Michigan Now on the Kalamazoo River oil spill

Sign at 15 Mile Road Bridge in Marshall Township, Calhoun County.

The oil spill in the Kalamazoo River is entering its third day. It started when a transcontinental pipeline ruptured near the town of Marshall. Governor Granholm was on site yesterday. And President Obama has pledged support. At least 19,500 barrels have flowed into the river and to the City of Kalamazoo. The story from Chris McCarus with Michigan Now:

People parked their cars next to 15 Mile Road bridge. It’s just west of the City of Marshall. Swift current carried black and blue plumes along the surface of the Kalamazoo River. Mike Dirk lives nearby.

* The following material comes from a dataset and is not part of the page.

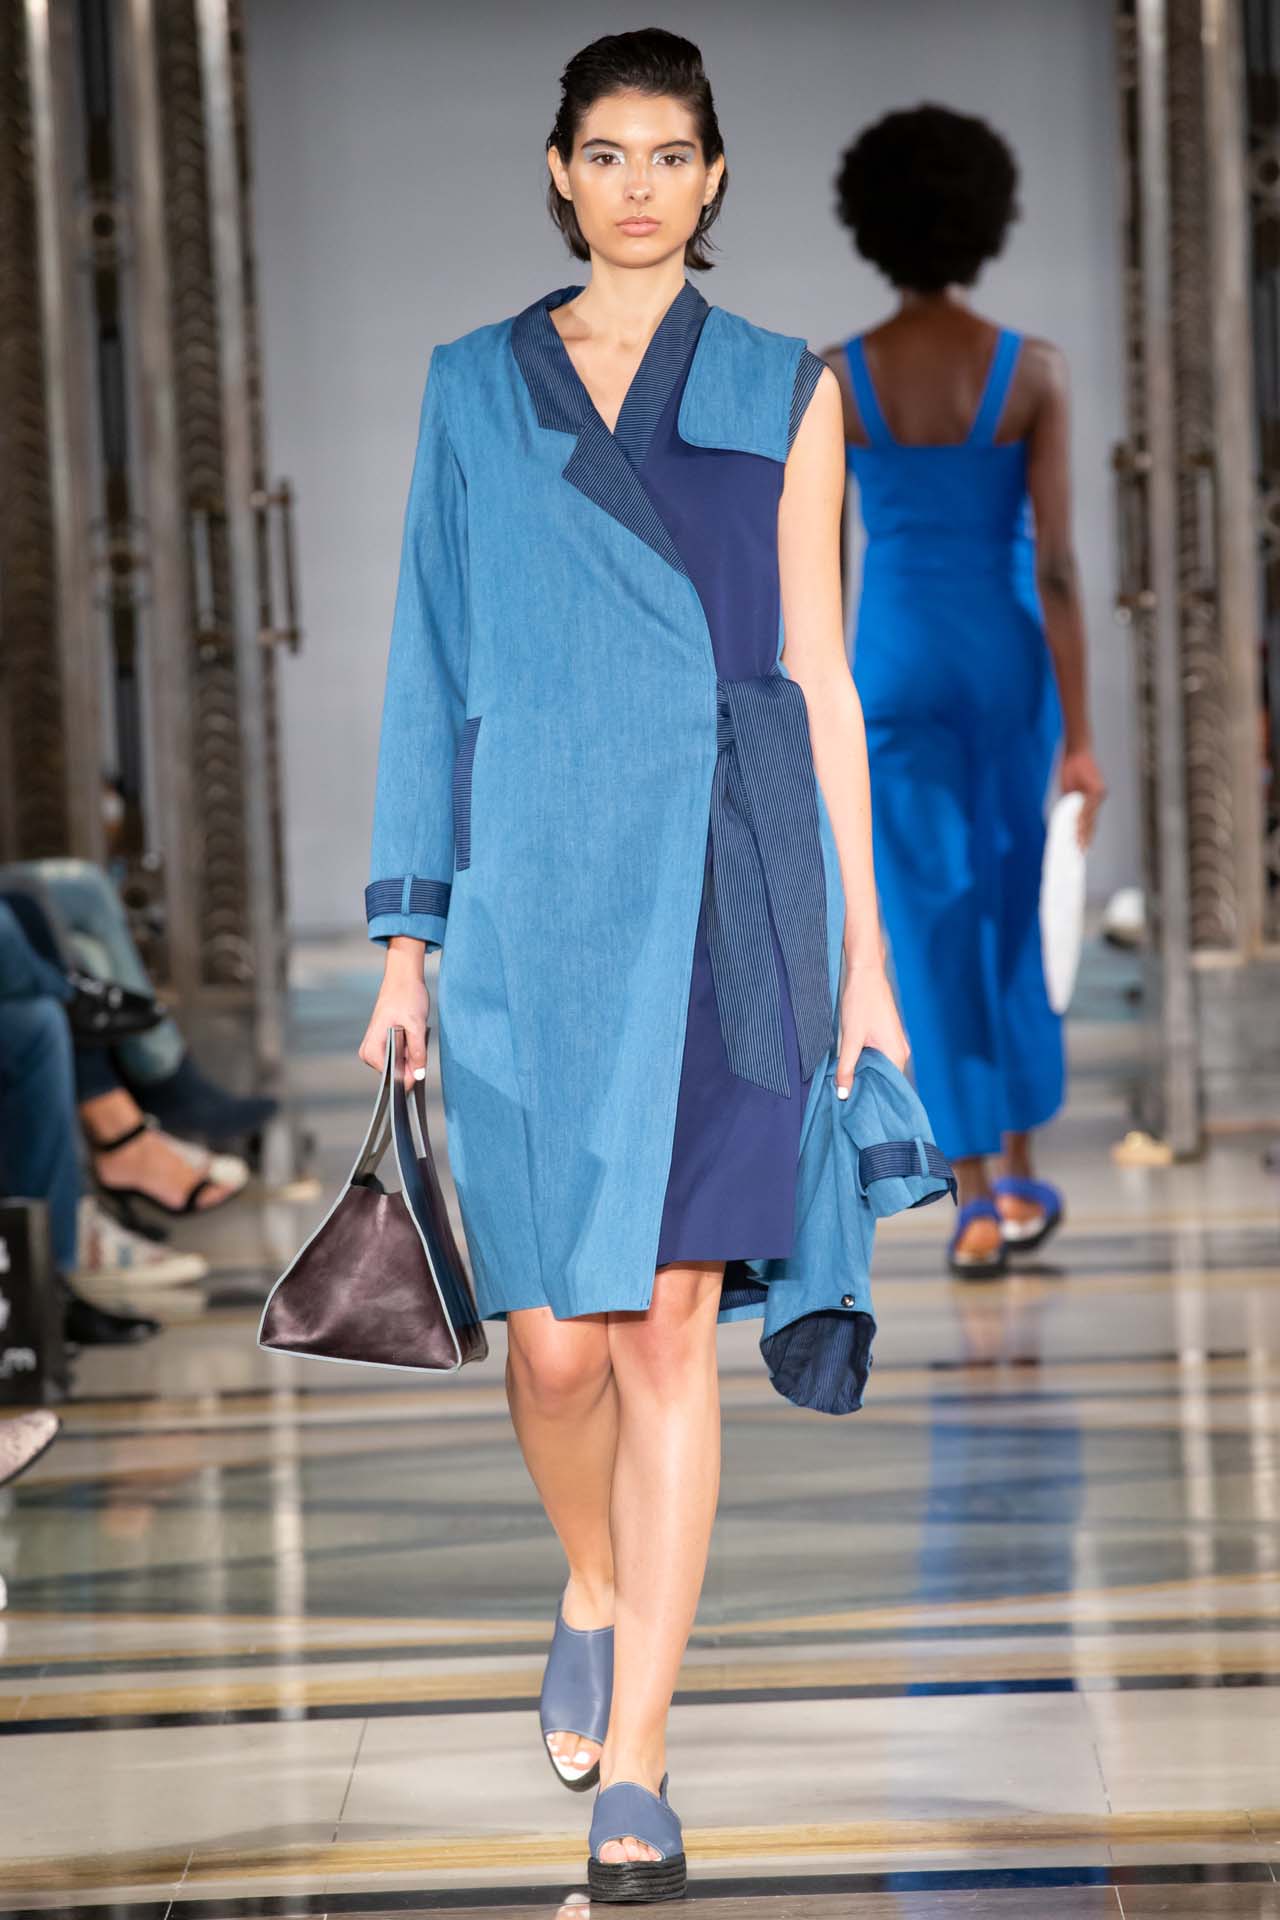 Tunisian designer Anissa at Aida presented during LFW SS19 collection her to Fashion crowds

“I don’t know how long it will take for me to get back in the river. I know it’s flowing but it’s a bummer. I really did want to go tubing down this this summer. I don’t know if I want to go down it with every piece of tree, branch, weeds, grass. It’s oil.”

Michiganders have gotten used to reading and watching about oil spilled in the Gulf of Mexico. But not in Southern Michigan.

“Where’s this starting at and why?

The spill started Sunday night or Monday morning from a broken oil pipeline. It’s owned by Enbridge Energy Partners, L.P. The company’s website says it is “A leader in energy delivery, with deep roots in liquid petroleum and natural gas transportation.” The pipeline runs from Alberta Canada, through North Dakota, over to Indiana and through to Port Huron on its way back to up to Montreal. In just two days, Enbridge has delivered 20,000 barrels of crude oil into the Kalamazoo River. David Wood says environmental damage hurts the economy too.

“This is what? Twice that two foreign oil companies turn around and try to screw up our coasts, our economic system? Stop pumping oil man.”

Wood says he’s ready to sacrifice his own oil consumption to avoid disaster.

“If you turn around and go back to horse and buggy or bike. Out of all the years they drove horse and buggy or bicycles you never had a problem like this. It’s just that everybody wants to go faster and get some place faster. There’s no point behind it. Just leave earlier. Do you know this river well? I’ve lived here all my life.”

Wood says he’s a truck driver who practices what he preaches. He burns corn based ethanol.

“My truck runs off of E85.”

Teresa Reinhart drove over from Battle Creek.

“It’s disgusting. It’s sickening and sad. It’s the topic of conversation everywhere. You can smell it for miles. It makes you want to cry. What does it smell like? Like tar. Like burning. Something burning.”

Would Reinhart drive less if she could help avoid disasters?

“Oh sure absolutely. If it could prevent this.”

A Michigan conservation officer said EPA officials are calling this the worst ever oil spill in the upper midwest. Governor Granholm flew over in a helicopter. At a news conference last night she called the pipeline company’s response “anemic.” The White House promised to help. So how can the pollution be stopped?

“Notify the DNR. Have them use their resources to stem the flow first of all. Somehow they gotta stop the flow. The clean up is gonna take weeks if not months.”

Jerry Gilbert is a former Fire Chief of Battle Creek. He and his wife Jane live next to a pond where 20 geese rested in the shade.

“Did you see the oil on all those geese. So sad.”

The geese were all black. Oil stained their white underbellies.

Where Talmadge Creek flows into the Kalamazoo, an Enbridge Energy crew tried to block the oil with rubber walls. They skimmed then pumped it through long tubes sent to semi-tanker trucks. John Lerg arrived from the DNRE wildlife division. He found a muskrat soaked in oil in some grass.

“That could be a young of the year. It is a little small. But I’m used to muskrats with a full fleece. Obviously the oil has matted it down. We’re saving it as proof. There’s nothing like a dead animal to prove the loss.”

For Michigan Now I’m Chris McCarus in Marshall Township, Calhoun County.